**DATA UNDER STUDY**
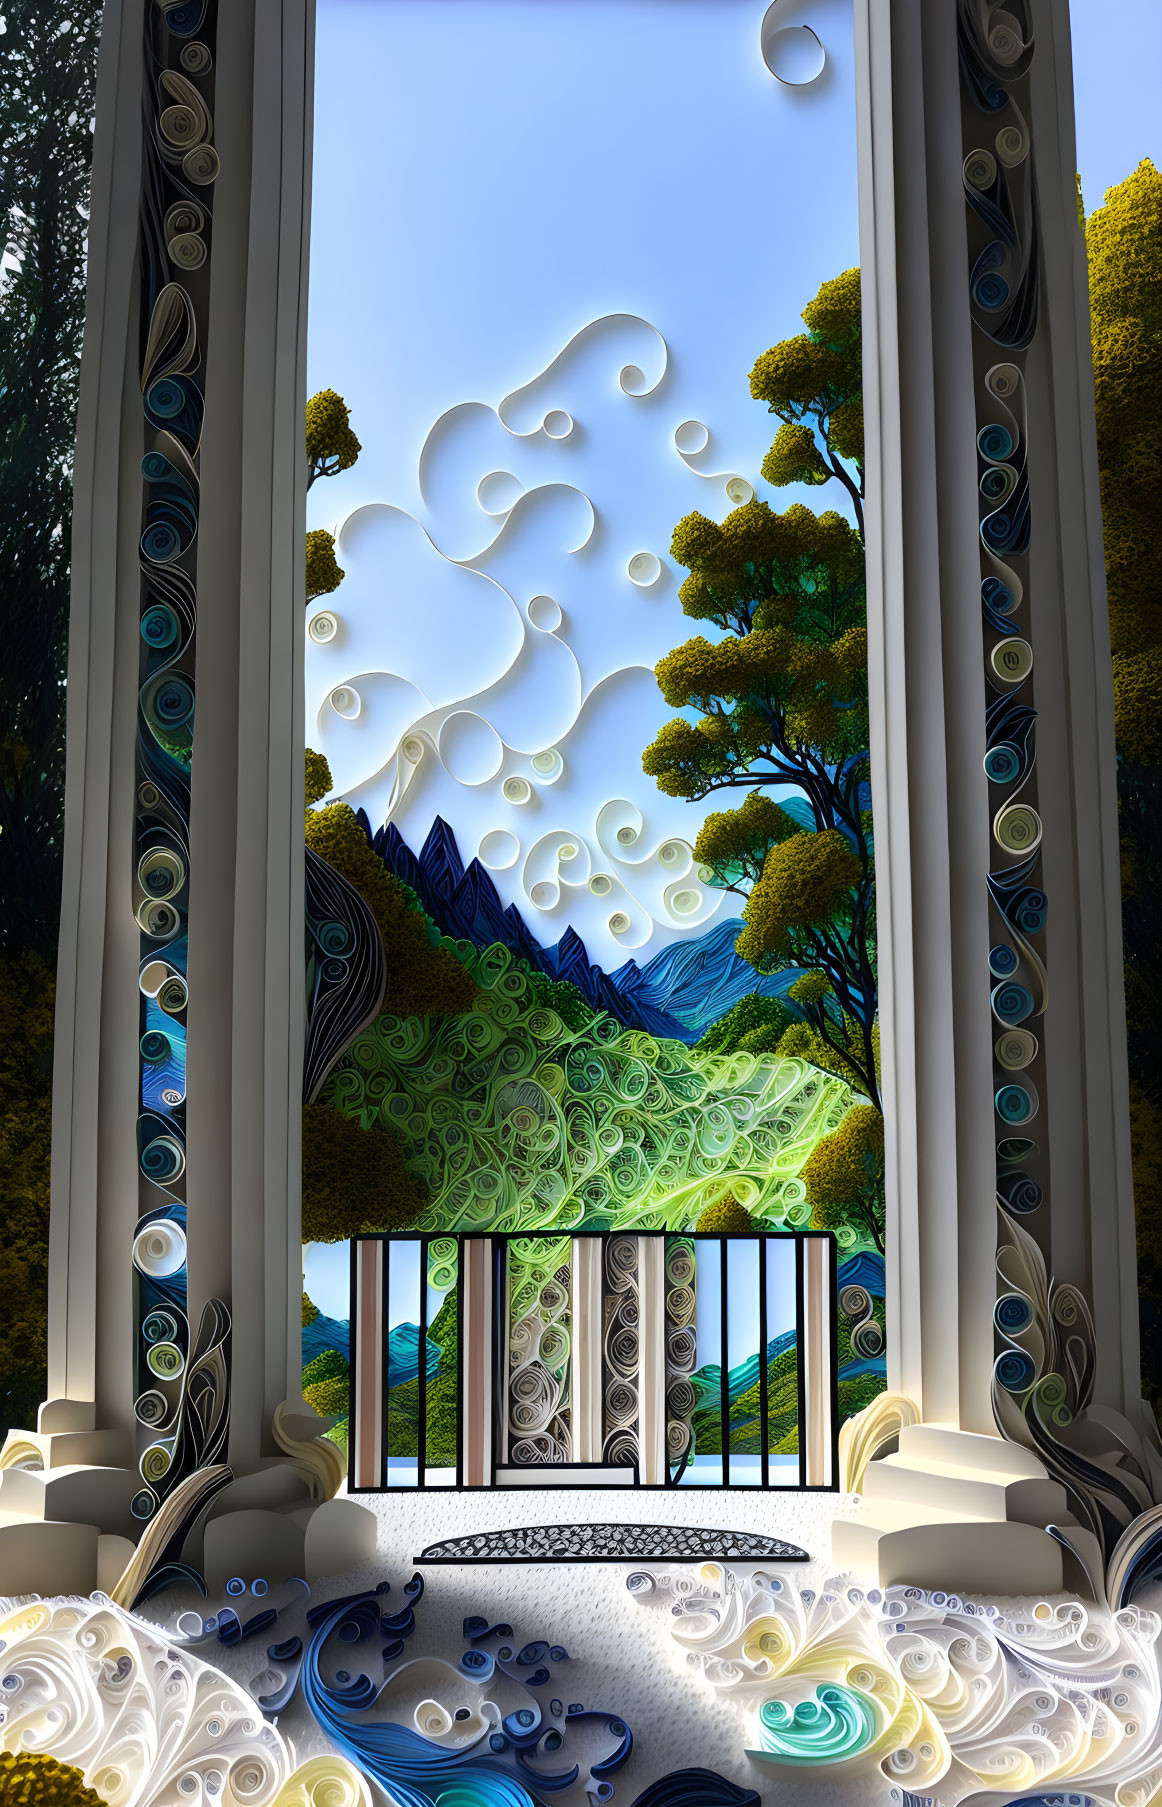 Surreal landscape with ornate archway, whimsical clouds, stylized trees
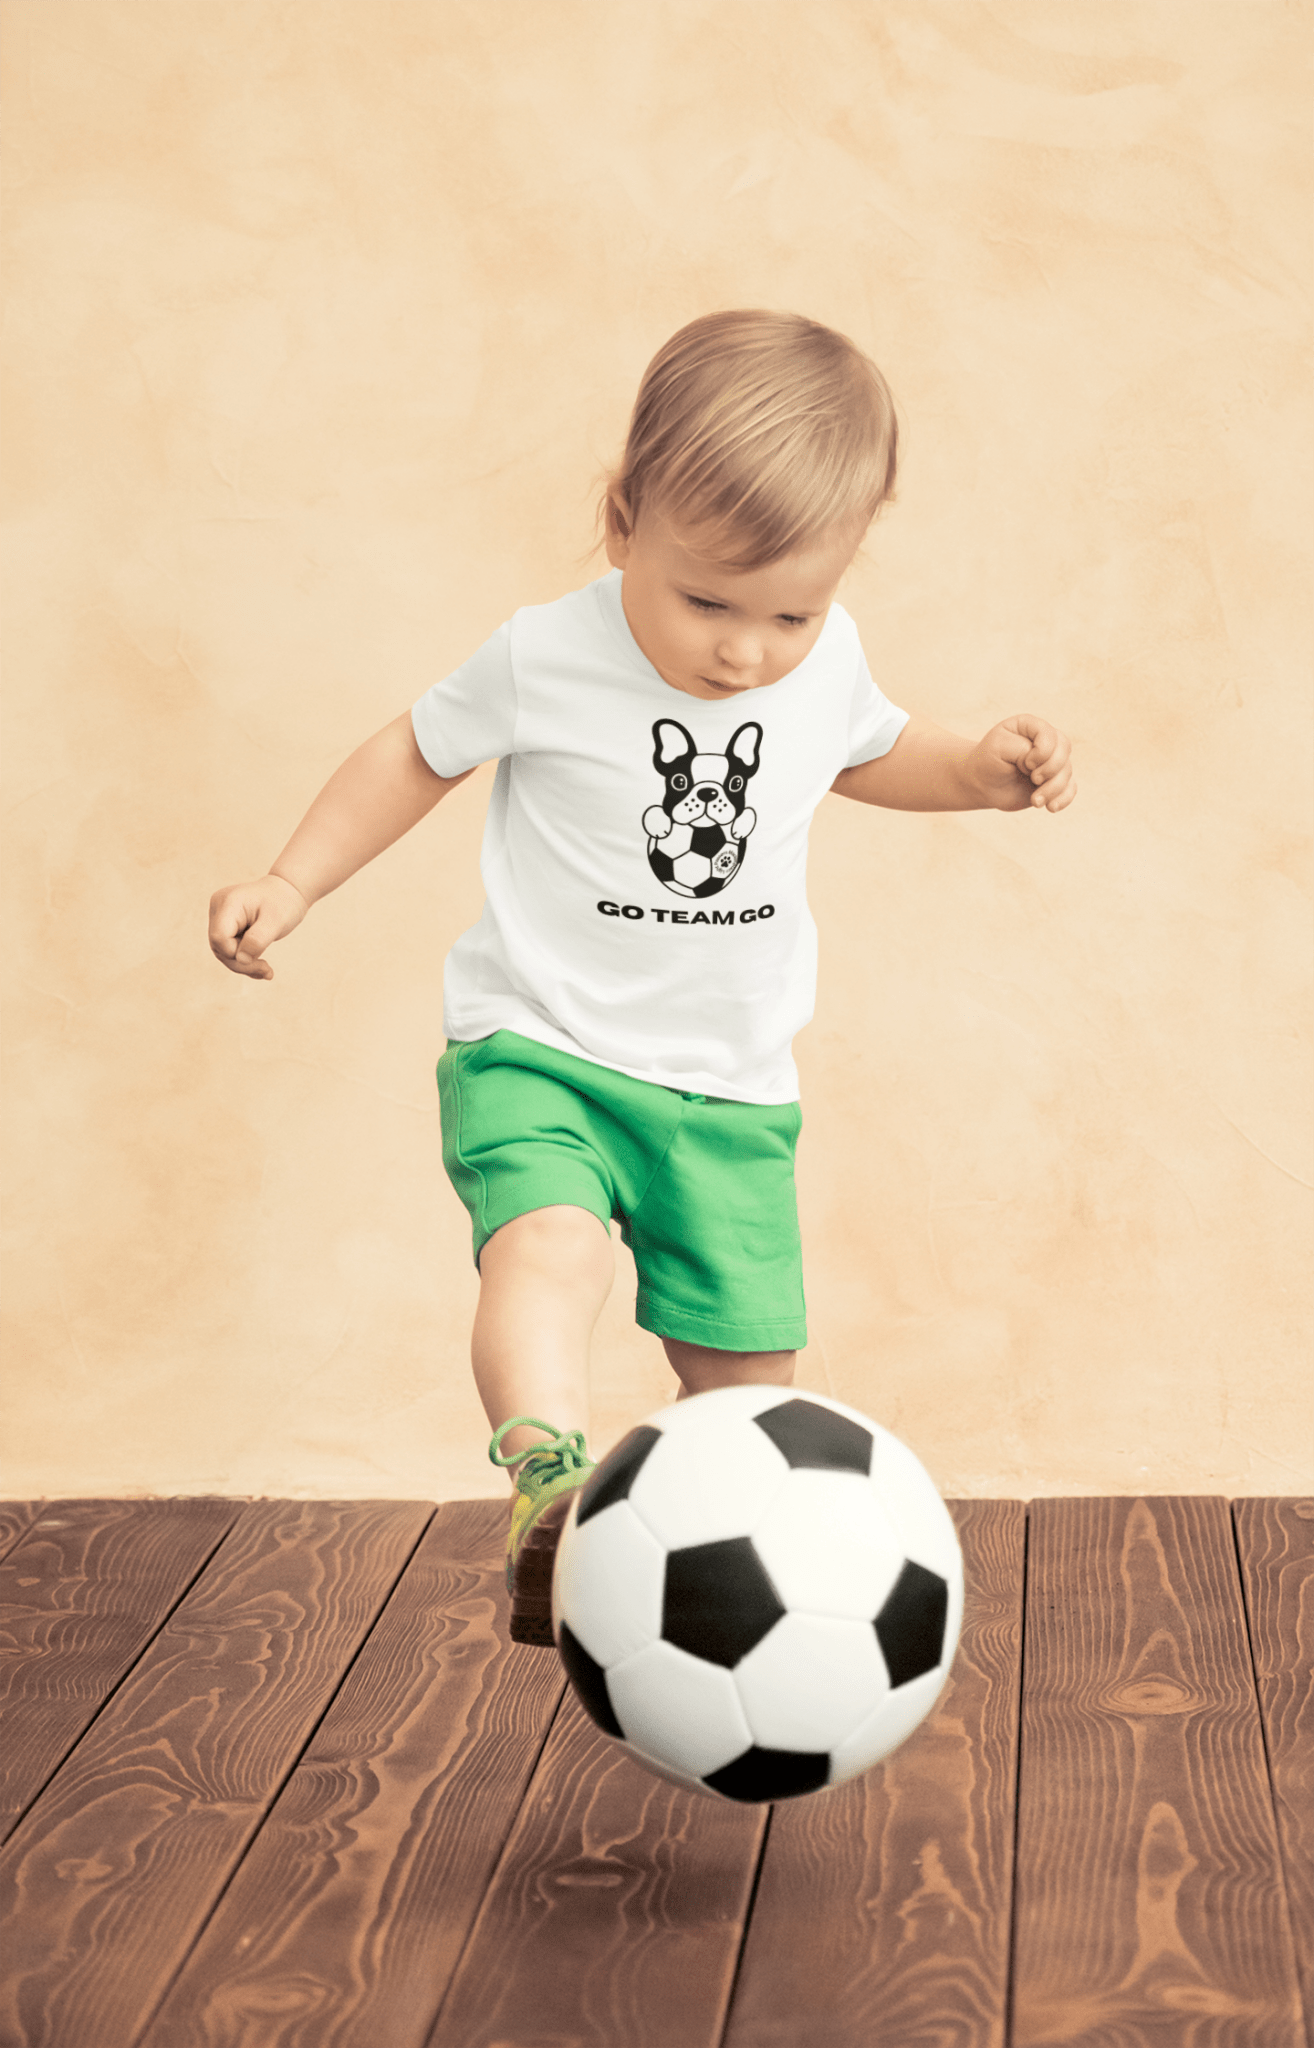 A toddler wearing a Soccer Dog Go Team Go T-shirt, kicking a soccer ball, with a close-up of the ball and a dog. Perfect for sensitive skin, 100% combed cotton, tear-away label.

---

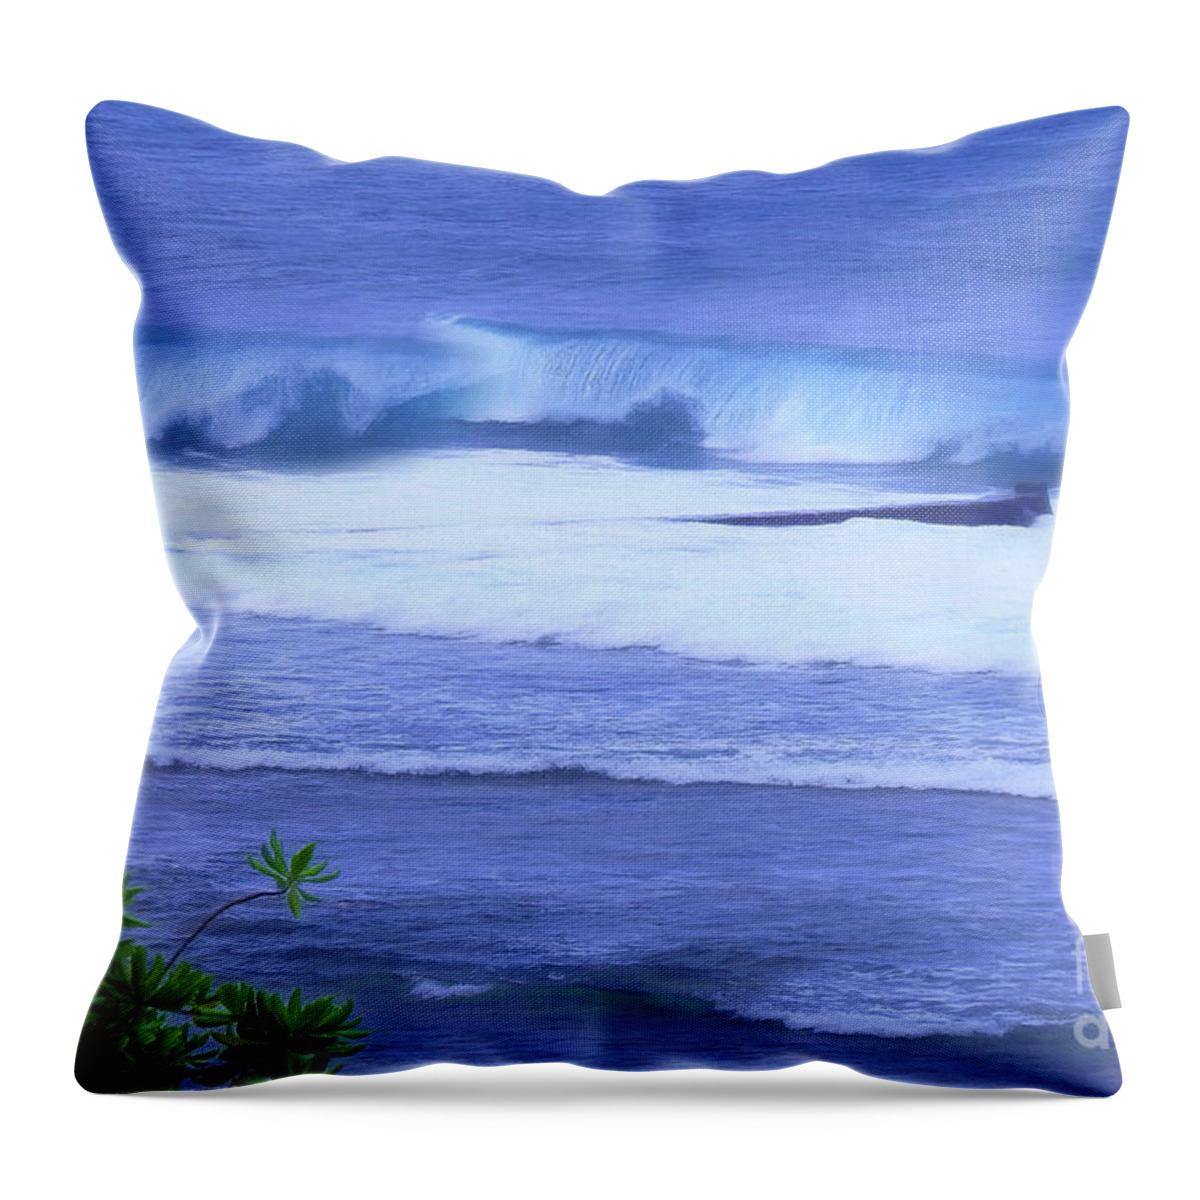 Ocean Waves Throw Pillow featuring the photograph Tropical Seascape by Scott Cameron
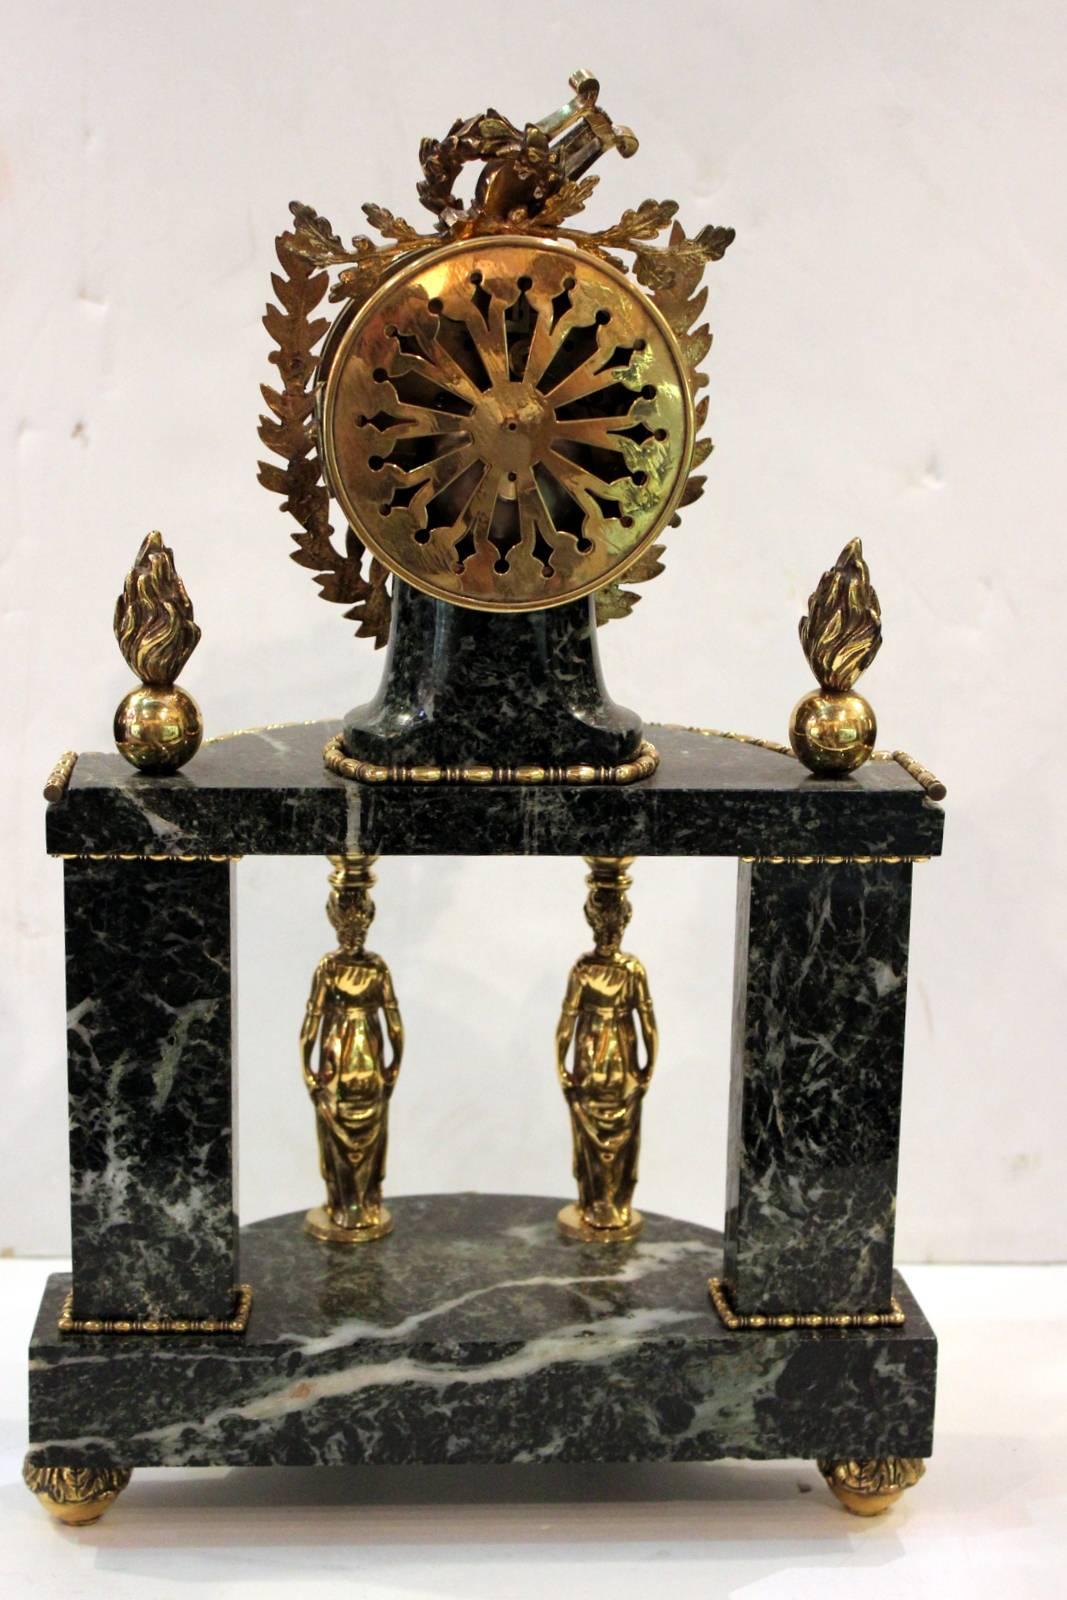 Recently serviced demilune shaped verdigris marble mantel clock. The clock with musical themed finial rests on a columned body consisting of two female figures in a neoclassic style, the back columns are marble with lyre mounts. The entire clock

--

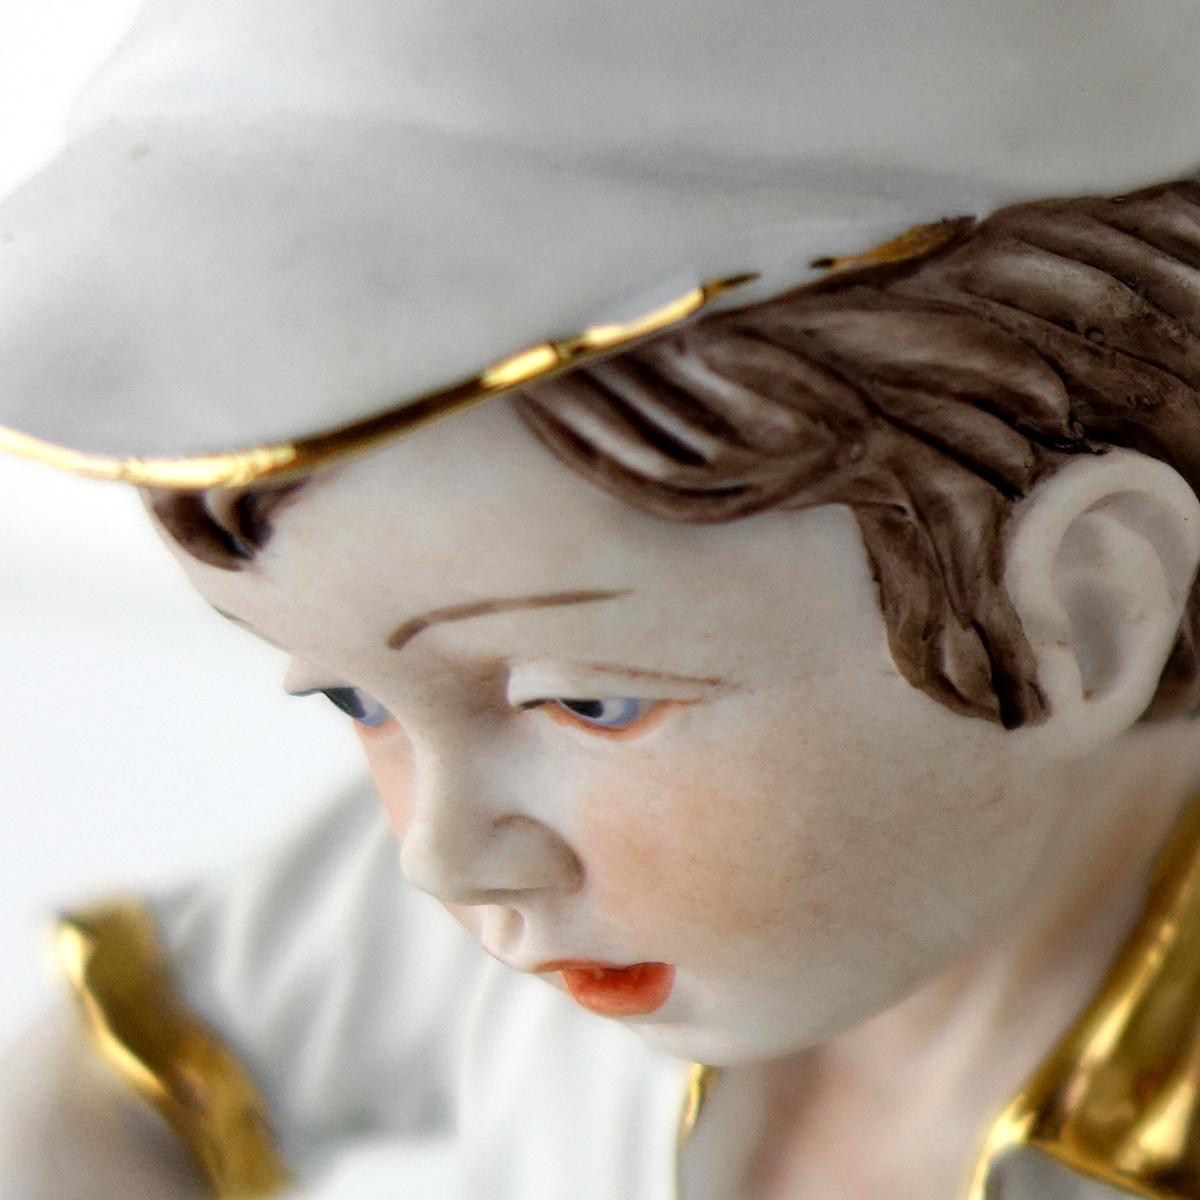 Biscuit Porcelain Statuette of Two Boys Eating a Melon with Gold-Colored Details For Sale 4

**TASK STATEMENT**
In the data above, take the line with "Surreal landscape with", the line with "A toddler wearing", and every line between, and set them down exactly without pictures.

**FINISHED TASK**
 Surreal landscape with ornate archway, whimsical clouds, stylized trees
 A toddler wearing a Soccer Dog Go Team Go T-shirt, kicking a soccer ball, with a close-up of the ball and a dog. Perfect for sensitive skin, 100% combed cotton, tear-away label.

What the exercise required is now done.